_Required work_.
Copy nothing before the line containing "Fits 2012 2013". Reproduce that line and all that follow, exactly, through the end of the records.
[[ Extracted records, beginning ]]
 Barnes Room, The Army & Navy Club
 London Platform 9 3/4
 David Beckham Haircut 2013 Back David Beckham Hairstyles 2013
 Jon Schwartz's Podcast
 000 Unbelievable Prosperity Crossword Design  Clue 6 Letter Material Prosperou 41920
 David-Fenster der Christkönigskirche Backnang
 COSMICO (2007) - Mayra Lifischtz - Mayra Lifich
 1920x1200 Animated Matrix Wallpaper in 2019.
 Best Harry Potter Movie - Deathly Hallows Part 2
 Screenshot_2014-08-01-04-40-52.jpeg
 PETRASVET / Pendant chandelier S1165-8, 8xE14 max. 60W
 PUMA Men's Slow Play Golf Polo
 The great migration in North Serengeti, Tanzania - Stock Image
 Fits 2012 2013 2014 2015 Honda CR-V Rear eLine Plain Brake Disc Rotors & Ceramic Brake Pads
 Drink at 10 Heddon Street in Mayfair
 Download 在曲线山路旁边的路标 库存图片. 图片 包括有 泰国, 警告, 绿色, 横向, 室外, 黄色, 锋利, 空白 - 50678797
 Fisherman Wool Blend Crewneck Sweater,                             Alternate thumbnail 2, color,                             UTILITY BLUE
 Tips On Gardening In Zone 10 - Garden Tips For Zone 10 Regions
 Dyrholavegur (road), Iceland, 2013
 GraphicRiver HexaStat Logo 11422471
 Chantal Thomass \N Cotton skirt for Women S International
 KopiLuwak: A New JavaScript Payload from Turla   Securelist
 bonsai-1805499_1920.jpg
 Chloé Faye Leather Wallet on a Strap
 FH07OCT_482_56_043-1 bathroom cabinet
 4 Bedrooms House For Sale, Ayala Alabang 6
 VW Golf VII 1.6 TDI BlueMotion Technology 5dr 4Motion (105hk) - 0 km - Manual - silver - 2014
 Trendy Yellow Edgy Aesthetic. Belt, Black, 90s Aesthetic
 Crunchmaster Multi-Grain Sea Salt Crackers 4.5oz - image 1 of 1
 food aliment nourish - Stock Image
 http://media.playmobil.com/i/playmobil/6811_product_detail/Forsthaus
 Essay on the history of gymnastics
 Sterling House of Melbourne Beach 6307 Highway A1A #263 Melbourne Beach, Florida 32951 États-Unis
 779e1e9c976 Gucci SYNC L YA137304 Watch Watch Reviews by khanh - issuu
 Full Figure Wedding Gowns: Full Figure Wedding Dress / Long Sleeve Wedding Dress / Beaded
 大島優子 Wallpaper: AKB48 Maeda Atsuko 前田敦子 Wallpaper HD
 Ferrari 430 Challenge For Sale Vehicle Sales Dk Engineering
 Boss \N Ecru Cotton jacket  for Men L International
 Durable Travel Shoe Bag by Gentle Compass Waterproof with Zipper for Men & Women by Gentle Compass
[[ Extracted records, end ]]
_Problem solution_.
 Fits 2012 2013 2014 2015 Honda CR-V Rear eLine Plain Brake Disc Rotors & Ceramic Brake Pads
 Drink at 10 Heddon Street in Mayfair
 Download 在曲线山路旁边的路标 库存图片. 图片 包括有 泰国, 警告, 绿色, 横向, 室外, 黄色, 锋利, 空白 - 50678797
 Fisherman Wool Blend Crewneck Sweater,                             Alternate thumbnail 2, color,                             UTILITY BLUE
 Tips On Gardening In Zone 10 - Garden Tips For Zone 10 Regions
 Dyrholavegur (road), Iceland, 2013
 GraphicRiver HexaStat Logo 11422471
 Chantal Thomass \N Cotton skirt for Women S International
 KopiLuwak: A New JavaScript Payload from Turla   Securelist
 bonsai-1805499_1920.jpg
 Chloé Faye Leather Wallet on a Strap
 FH07OCT_482_56_043-1 bathroom cabinet
 4 Bedrooms House For Sale, Ayala Alabang 6
 VW Golf VII 1.6 TDI BlueMotion Technology 5dr 4Motion (105hk) - 0 km - Manual - silver - 2014
 Trendy Yellow Edgy Aesthetic. Belt, Black, 90s Aesthetic
 Crunchmaster Multi-Grain Sea Salt Crackers 4.5oz - image 1 of 1
 food aliment nourish - Stock Image
 http://media.playmobil.com/i/playmobil/6811_product_detail/Forsthaus
 Essay on the history of gymnastics
 Sterling House of Melbourne Beach 6307 Highway A1A #263 Melbourne Beach, Florida 32951 États-Unis
 779e1e9c976 Gucci SYNC L YA137304 Watch Watch Reviews by khanh - issuu
 Full Figure Wedding Gowns: Full Figure Wedding Dress / Long Sleeve Wedding Dress / Beaded
 大島優子 Wallpaper: AKB48 Maeda Atsuko 前田敦子 Wallpaper HD
 Ferrari 430 Challenge For Sale Vehicle Sales Dk Engineering
 Boss \N Ecru Cotton jacket  for Men L International
 Durable Travel Shoe Bag by Gentle Compass Waterproof with Zipper for Men & Women by Gentle Compass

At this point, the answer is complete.